→ COLLECTED MATERIAL
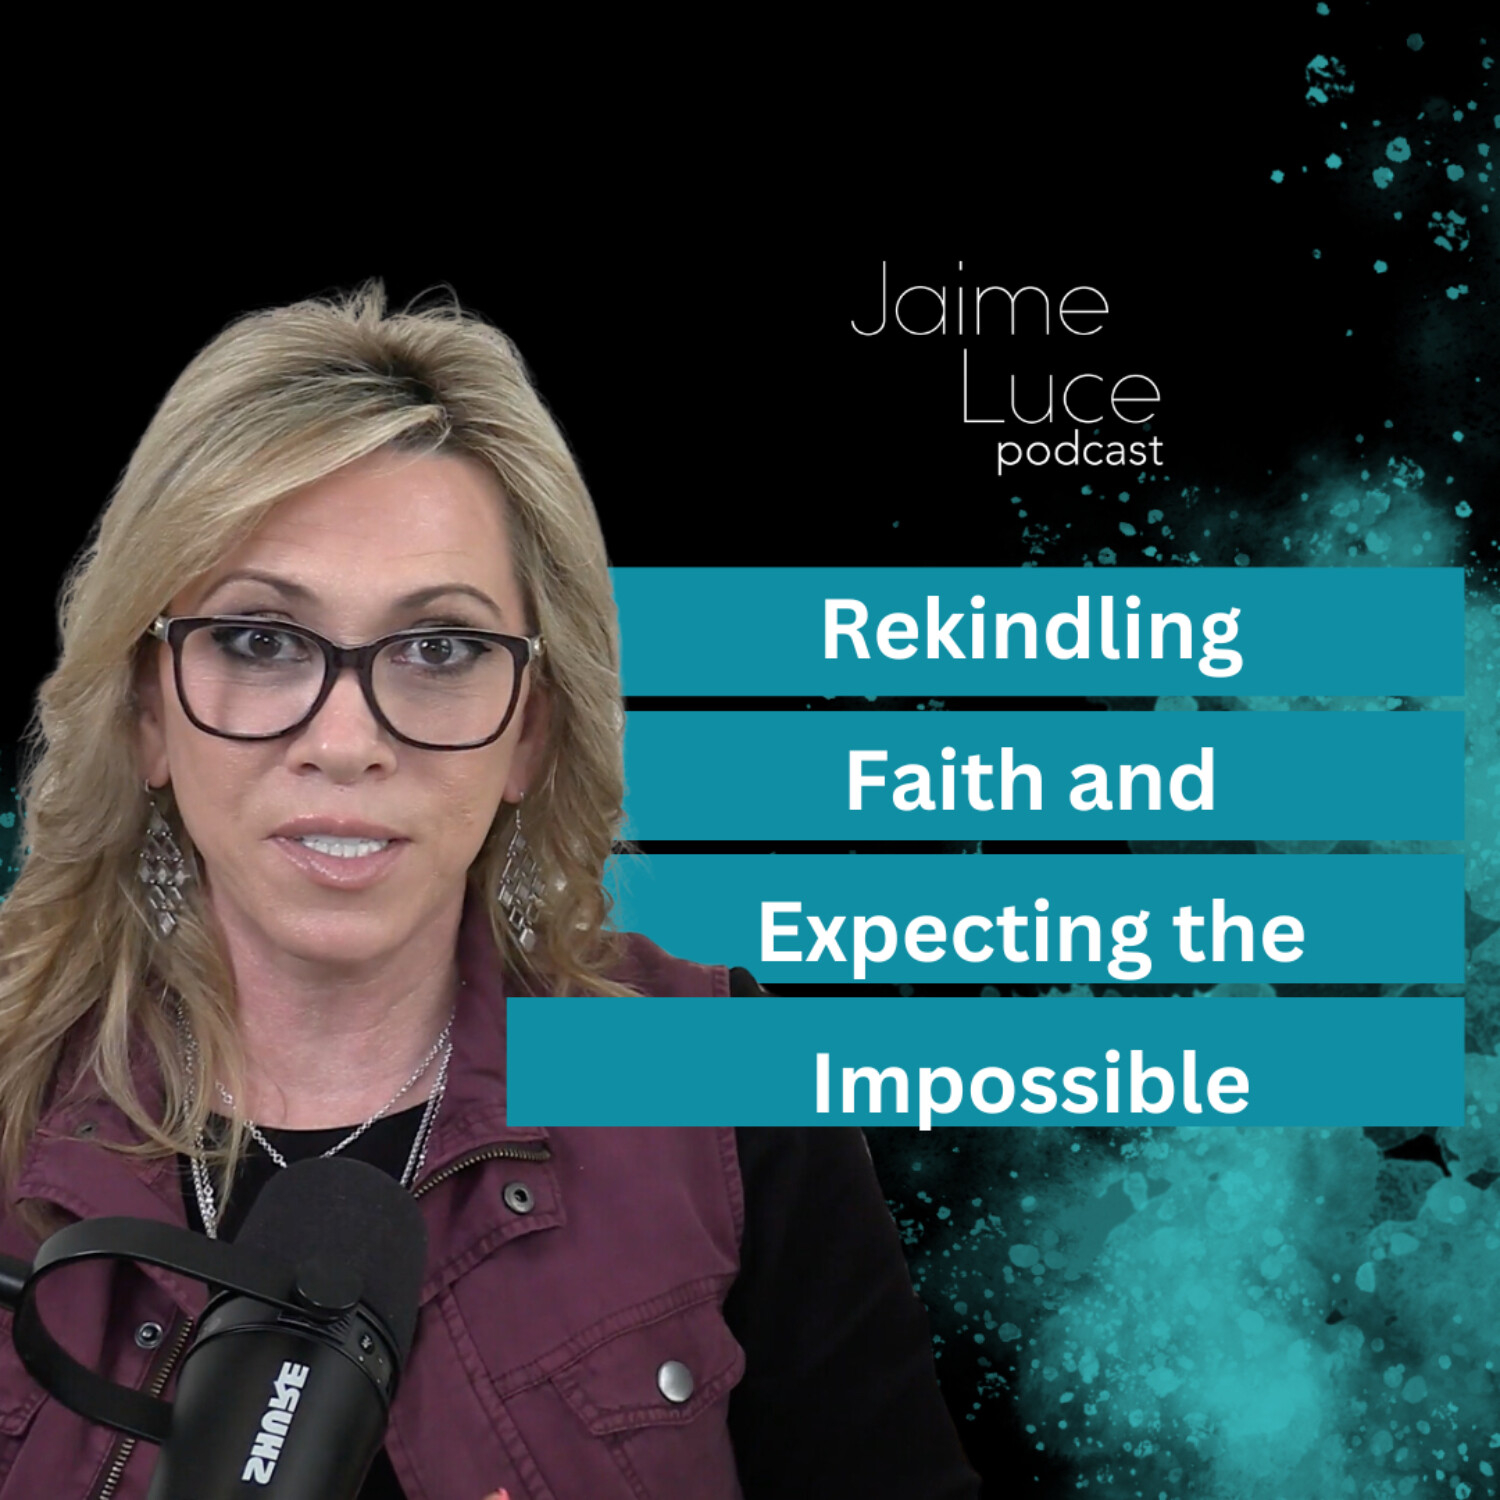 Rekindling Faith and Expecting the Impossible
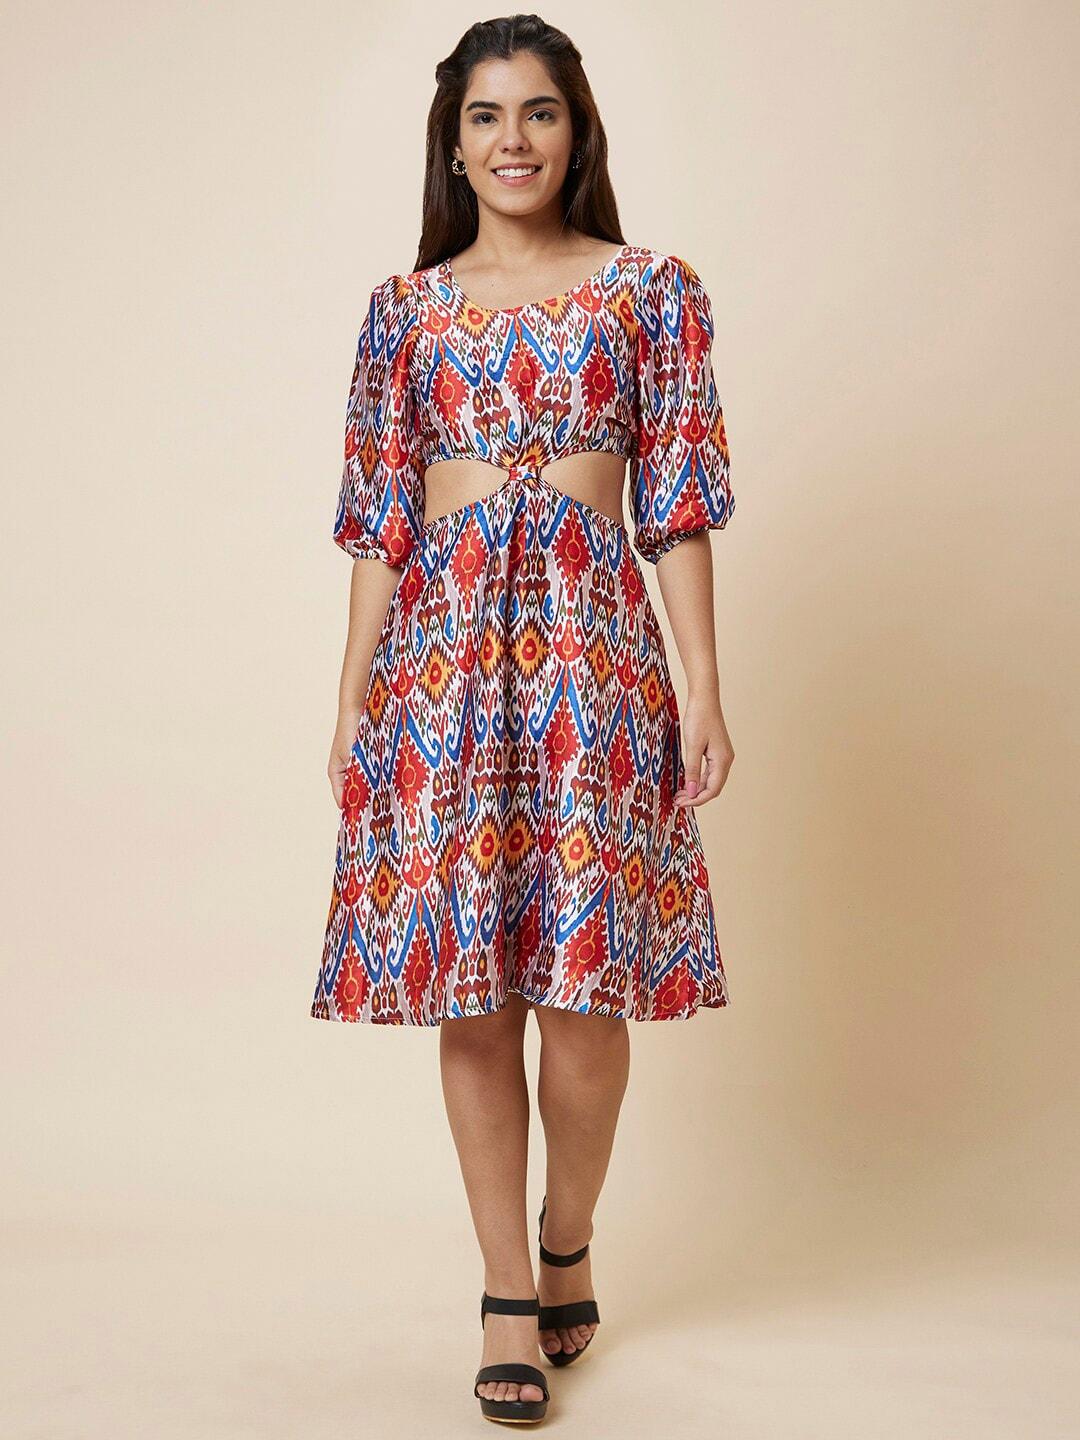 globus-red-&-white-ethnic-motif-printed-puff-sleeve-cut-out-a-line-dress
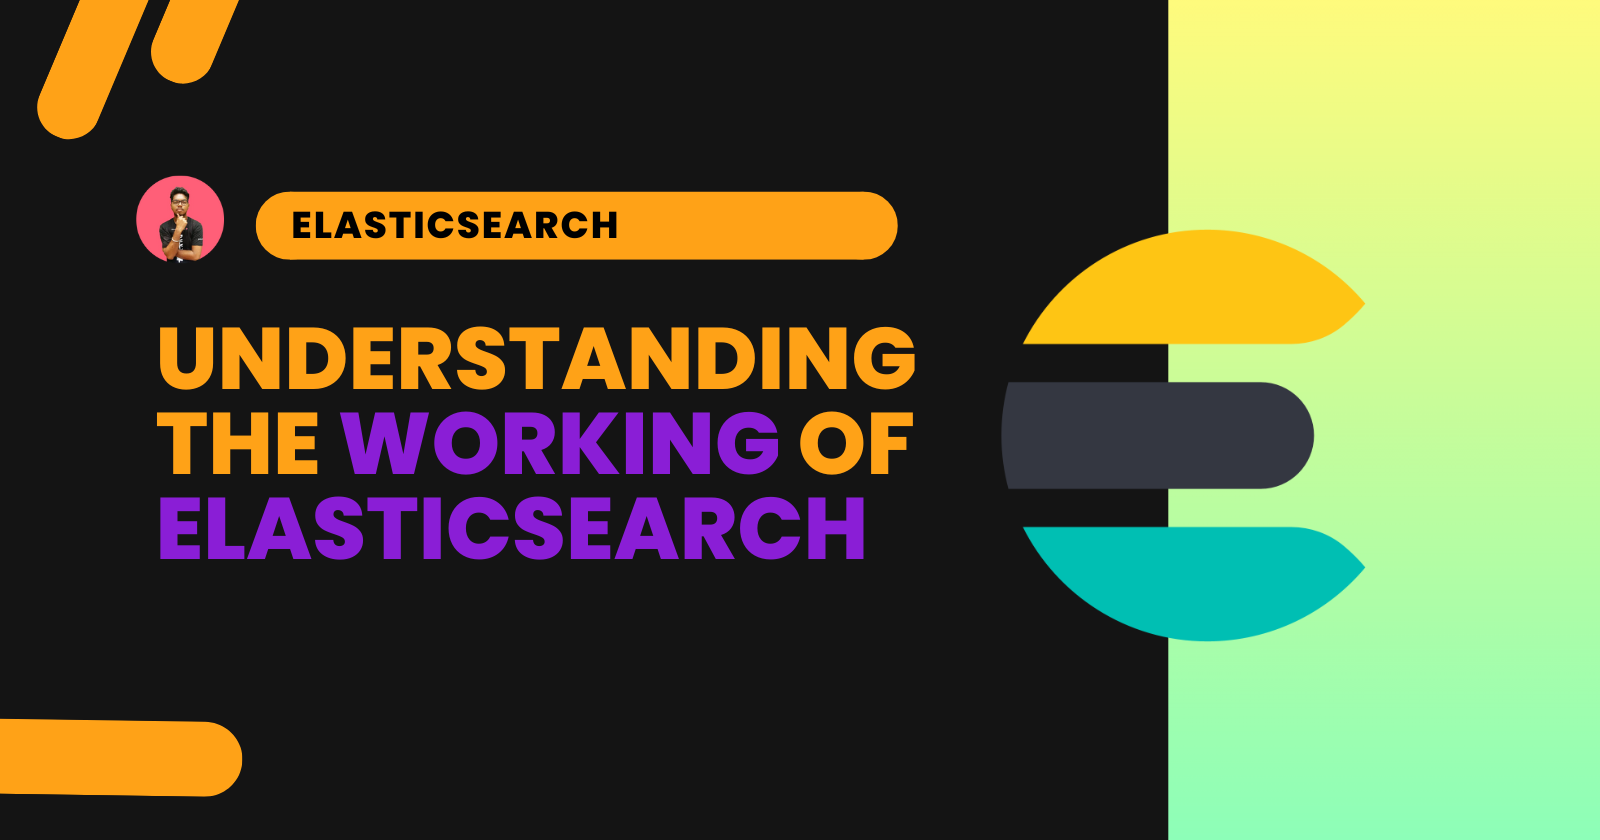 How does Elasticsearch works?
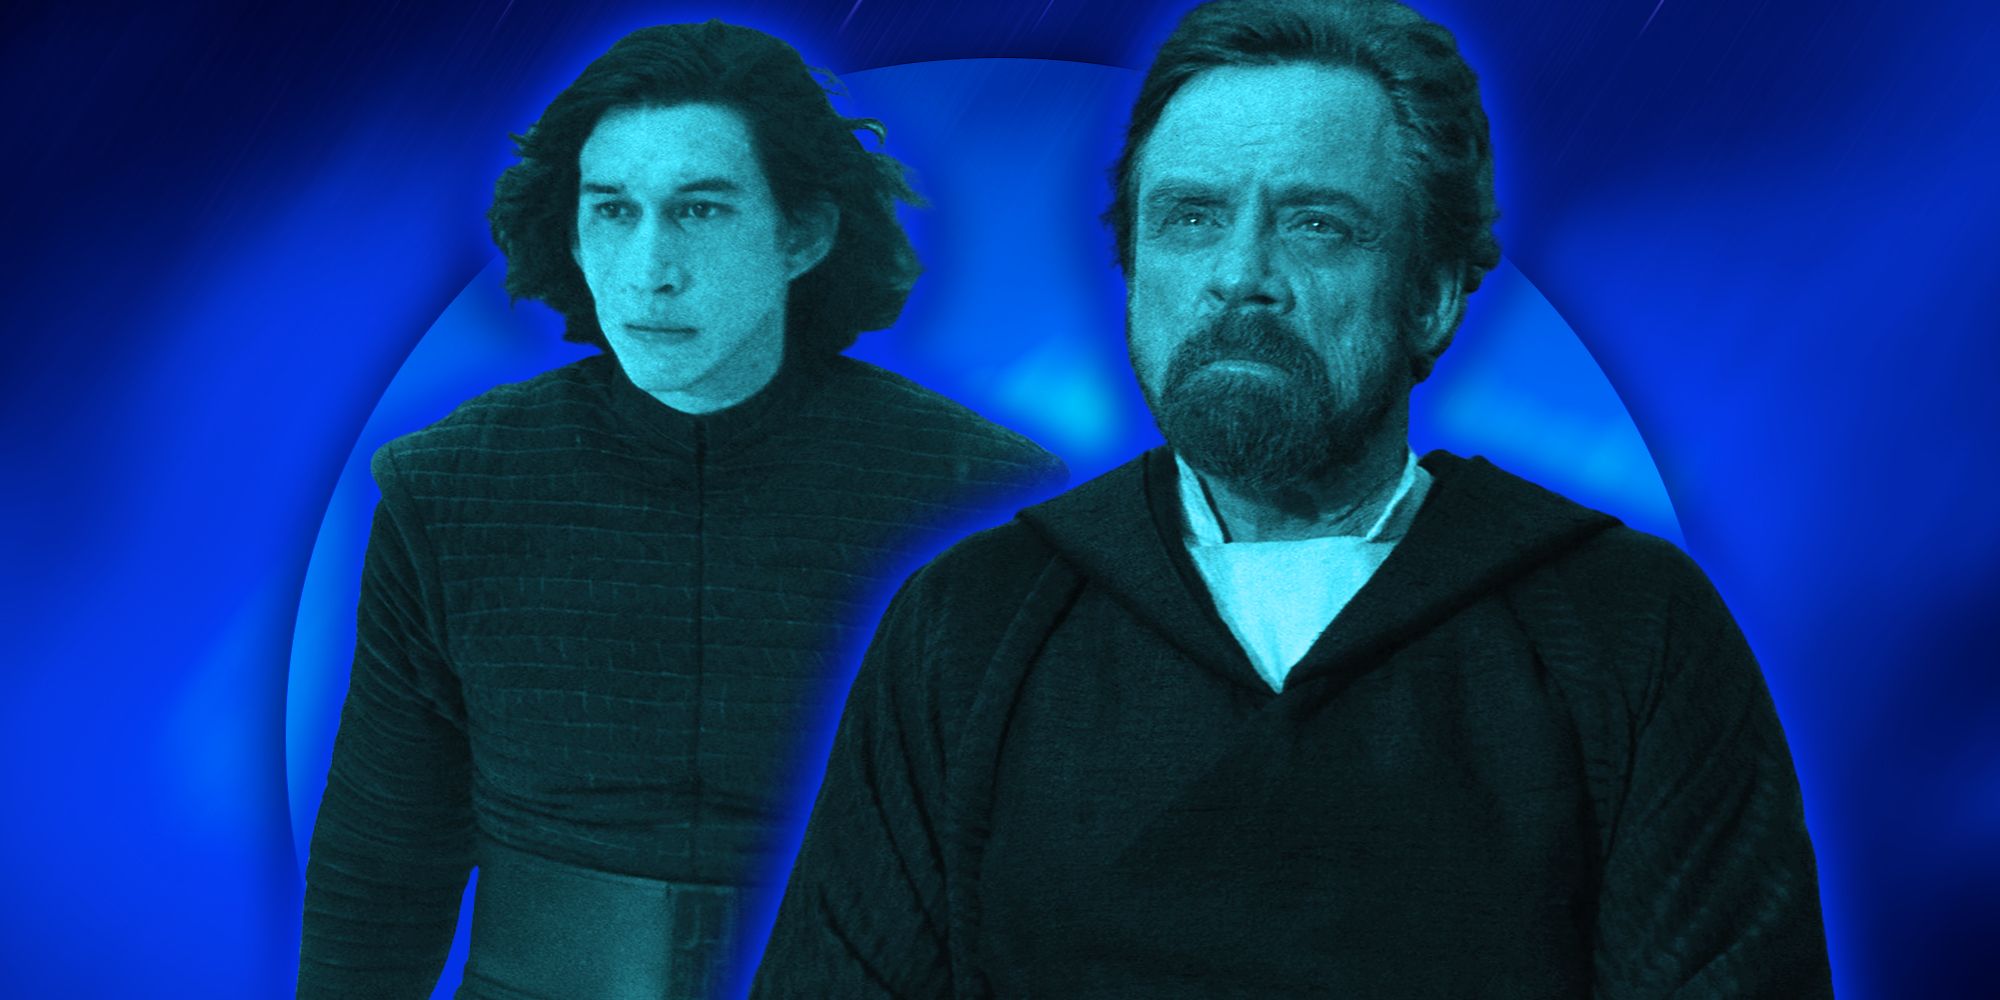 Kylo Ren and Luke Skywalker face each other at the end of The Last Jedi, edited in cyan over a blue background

→ ASSIGNMENT
Return the data exactly. Pictures stay out.

→ ANSWER SECTION
 Rekindling Faith and Expecting the Impossible
 globus-red-&-white-ethnic-motif-printed-puff-sleeve-cut-out-a-line-dress
 How does Elasticsearch works?
 Kylo Ren and Luke Skywalker face each other at the end of The Last Jedi, edited in cyan over a blue background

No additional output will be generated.